Feature flagging is a foundational engineering practice for controlled, data-driven software releases.

Feature flagging is a software development technique that uses conditional toggles, or feature flags, to enable or disable specific functionality within a live application without deploying new code. This allows teams to separate code deployment from feature release, enabling controlled rollouts, A/B testing, and instant rollbacks. It is a core component of continuous delivery and evaluation-driven development, providing granular control over the user experience.

In the context of AI systems, feature flags manage the release of new model versions, prompt architectures, or RAG configurations. They facilitate statistical hypothesis testing by dynamically routing traffic between experimental variants, such as a new large language model and a legacy system. This enables rigorous performance metric comparison and guardrail metric monitoring before a full canary launch, ensuring changes are validated against production data without disrupting service.

A/B TESTING FRAMEWORKS

Core Characteristics of Feature Flagging

Feature flagging is a foundational software engineering practice that enables controlled, data-driven deployment and experimentation. Its core characteristics define its power and flexibility within modern development and MLOps workflows.

01

Conditional Code Execution

At its core, a feature flag is a conditional statement (if-else) that wraps a block of code or a model configuration. This allows the runtime behavior of an application to be changed without deploying new code. The flag's state (on/off or a specific variant) is evaluated at runtime, typically by querying a remote configuration service.

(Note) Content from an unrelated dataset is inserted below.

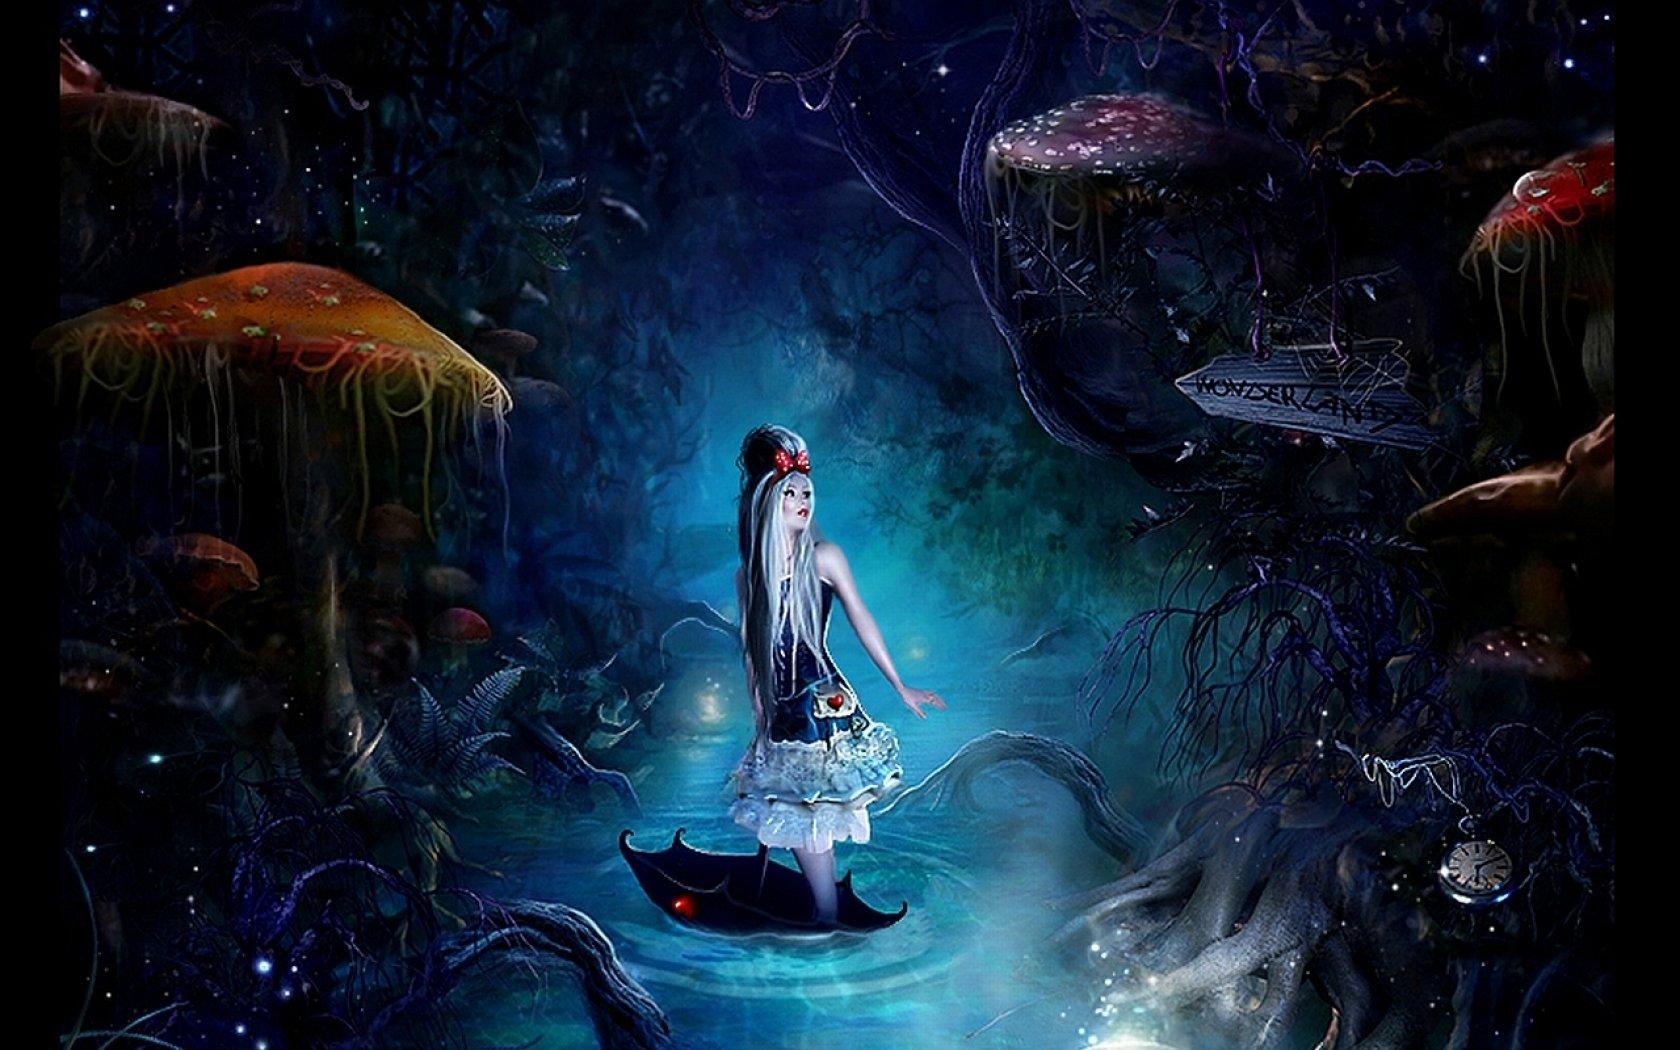 Alice In Wonderland Artwork wallpaper

  • Example: if (featureFlagService.isEnabled('new_recommendation_model')) { useModelV2(); } else { useModelV1(); }
  • This decouples code deployment from feature release, a cornerstone of continuous delivery.
02

Dynamic Configuration & Remote Management

Flag states are not hardcoded but managed externally via a feature flag management system or configuration store. This allows for real-time, granular control over which users see which features without requiring an engineer to modify code or restart services.

  • Changes can be made via a UI or API, enabling product managers or on-call engineers to instantly roll back a problematic model.
  • Configuration is often user-context aware, allowing flags to be toggled based on user ID, account tier, geographic location, or other attributes.
03

Granular Targeting and Segmentation

Flags enable precise control over who sees a feature. Beyond simple percentage-based rollouts, they support complex user segmentation.

  • Targeting Rules: Enable a feature for internal employees (user.email ENDS WITH '@company.com'), a specific beta cohort, or users in a particular region.
  • Progressive Rollouts: Start with 1% of traffic, monitor guardrail metrics, and gradually increase to 100%. This is critical for safely launching new AI models.
  • A/B Testing Foundation: By assigning users to different flag variants (e.g., control vs. treatment), the system creates the cohorts necessary for statistically rigorous experiments.
04

Operational Safety and Kill Switches

Feature flags act as built-in kill switches or circuit breakers for production systems. If a newly launched AI model causes a spike in latency, returns harmful content, or degrades a key business metric, it can be instantly disabled by flipping the flag back to the safe, previous variant.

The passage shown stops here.